2. Method according to claim 1, characterized in that the parallel connection is controlled when the state of charge of the energy store is less than a minimum threshold voltage.

3. Method according to claim 1 or 2, characterized in that the parallel connection of said modules is controlled by a signal representative of the intention to start the vehicle.

4. Method according to one of the preceding claims characterized in that the electrical energy store (21) is divided into two modules (25-26) of substantially identical storage capacity.

5. Method according to one of the preceding claims characterized in that the source of electrical energy (22) is a battery and recharging the energy store by the battery is through a DC / DC converter (23) .
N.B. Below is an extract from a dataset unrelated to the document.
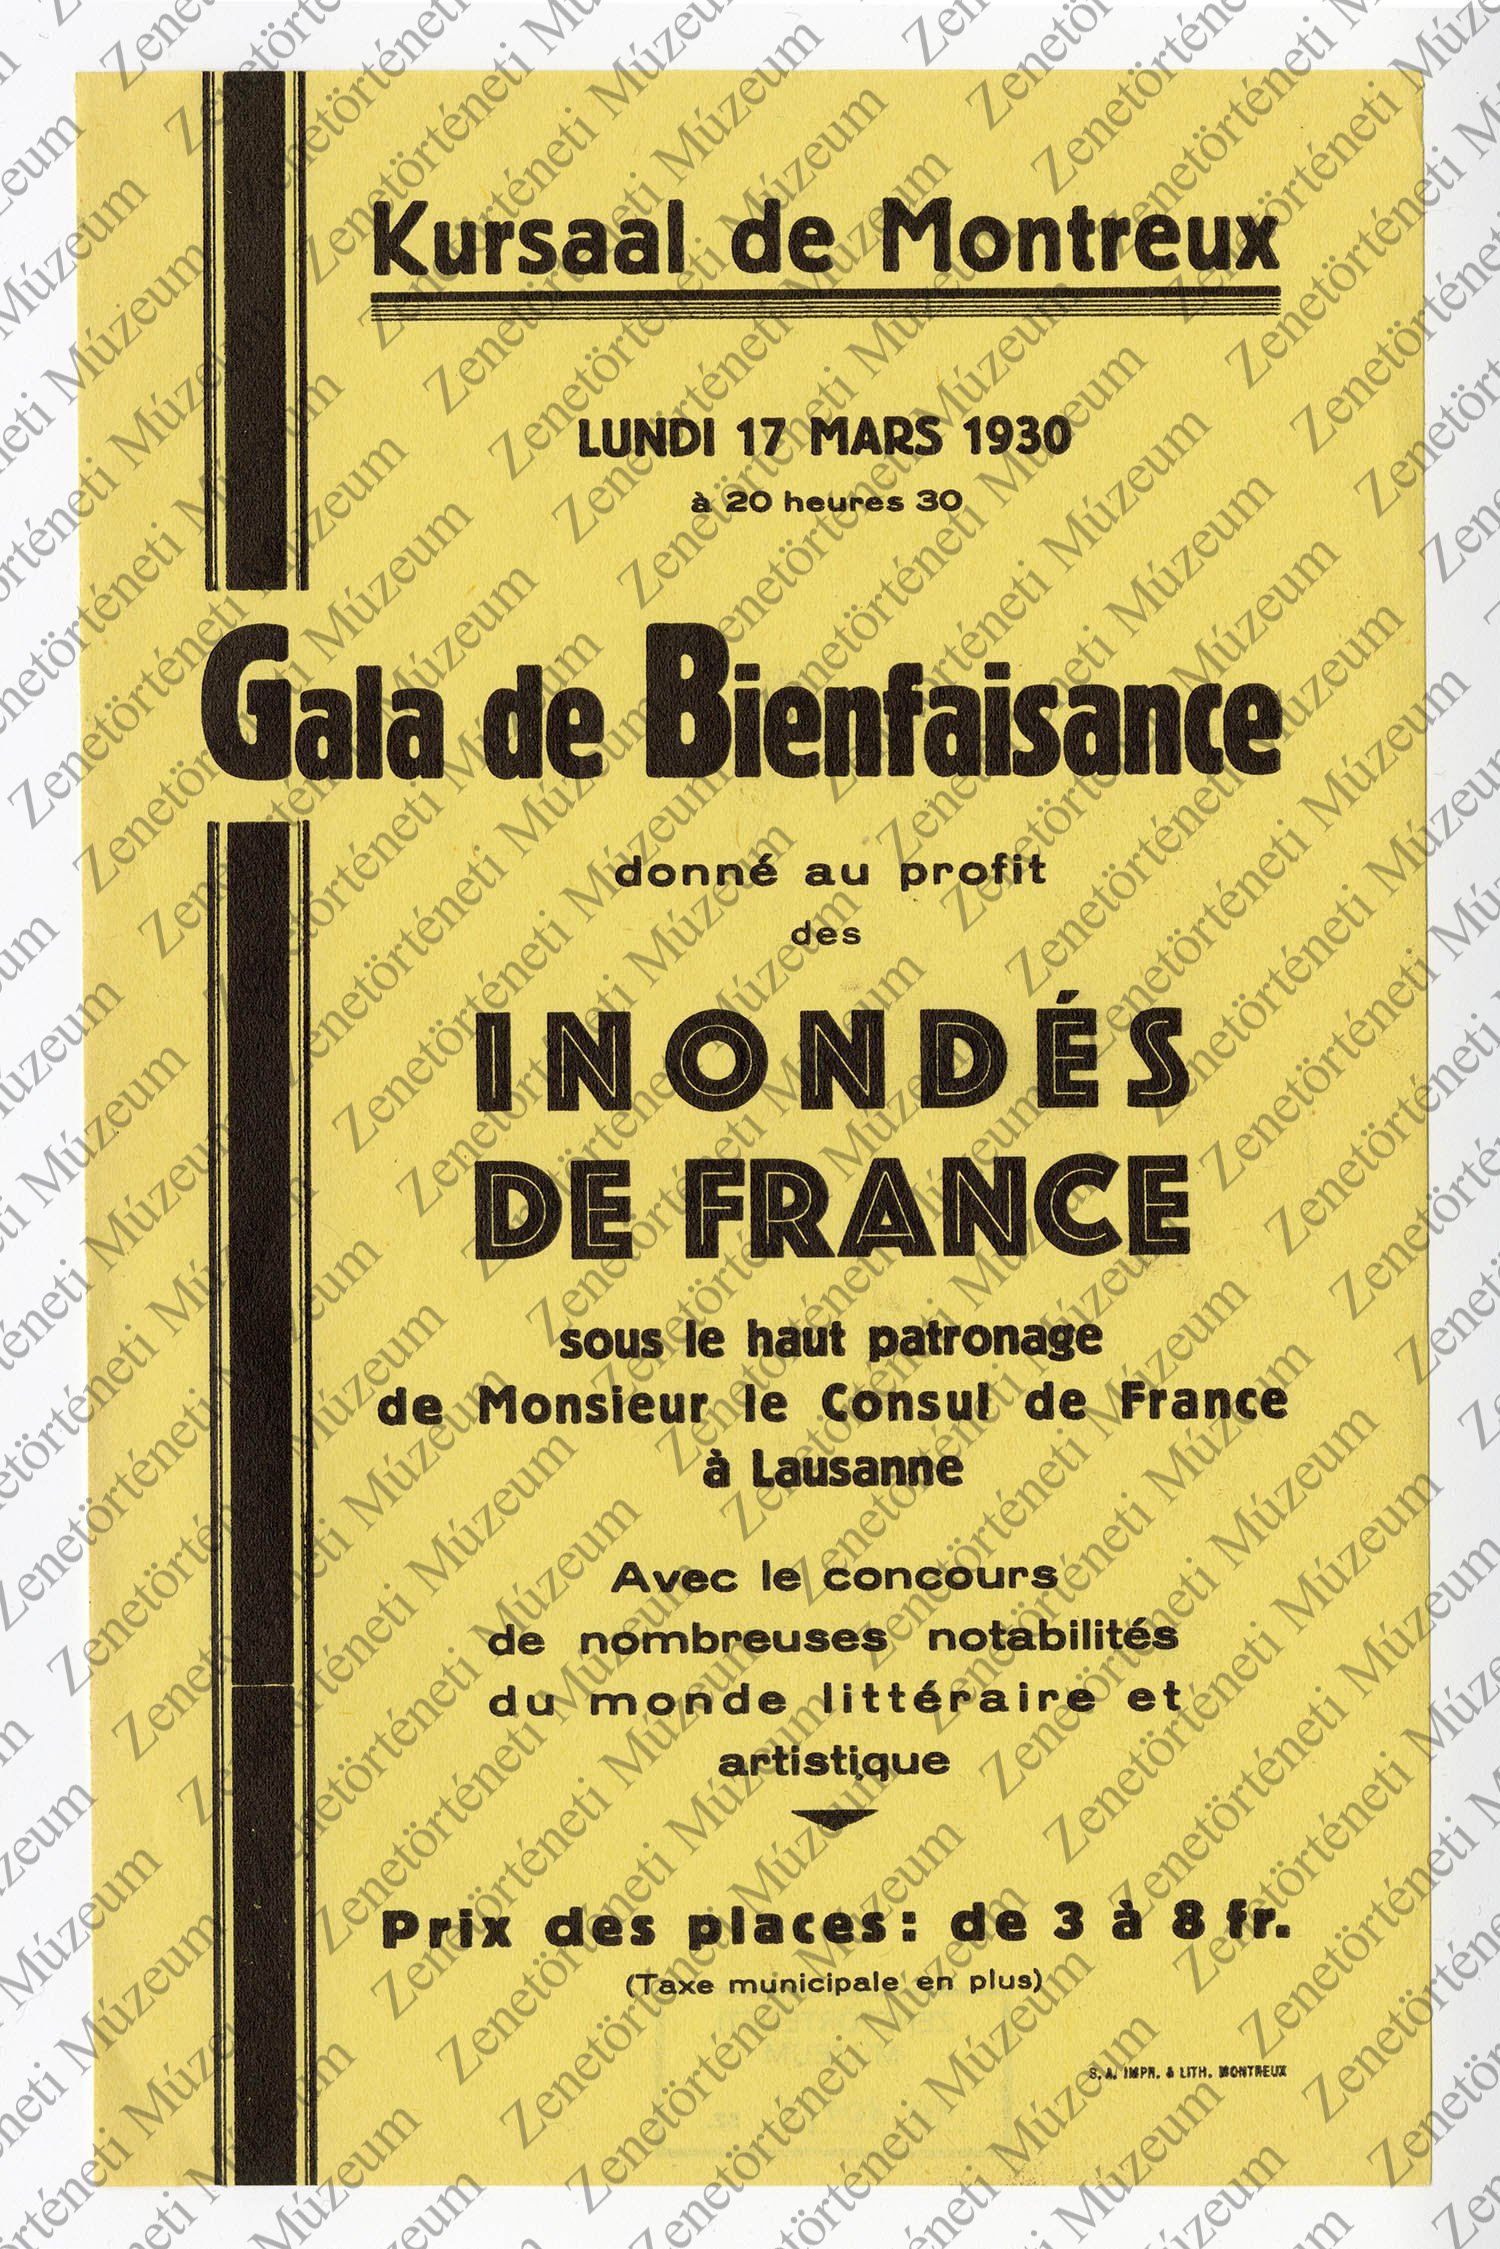 A Kursaal de Montreux 1930. márc. 17-i műsorának kis plakátja (Zenetörténeti Múzeum CC BY-NC-SA)

6. Device for charging an electrical energy store (21) of a vehicle having a source of electrical energy (22) and a DC / DC converter (23) connected in series between said storer of electrical energy and said source, characterized in that said storer is constituted by at least two electrical energy storage modules (25-26) and in that the device comprises connecting means (27-28-33) in series or in parallel with said modules.

7. Device according to claim 6 characterized in that said connection means are constituted by switches (27-28).

8. Device according to one of claims 6 and 7 characterized in that said storage modules of electrical energy are constituted by batteries.

9. Device according to one of claims 6 and 7 characterized in that said power storage modules are constituted by super-capacitors.

10. Device according to one of claims 6 and 9 characterized in that said source of electrical energy is a battery.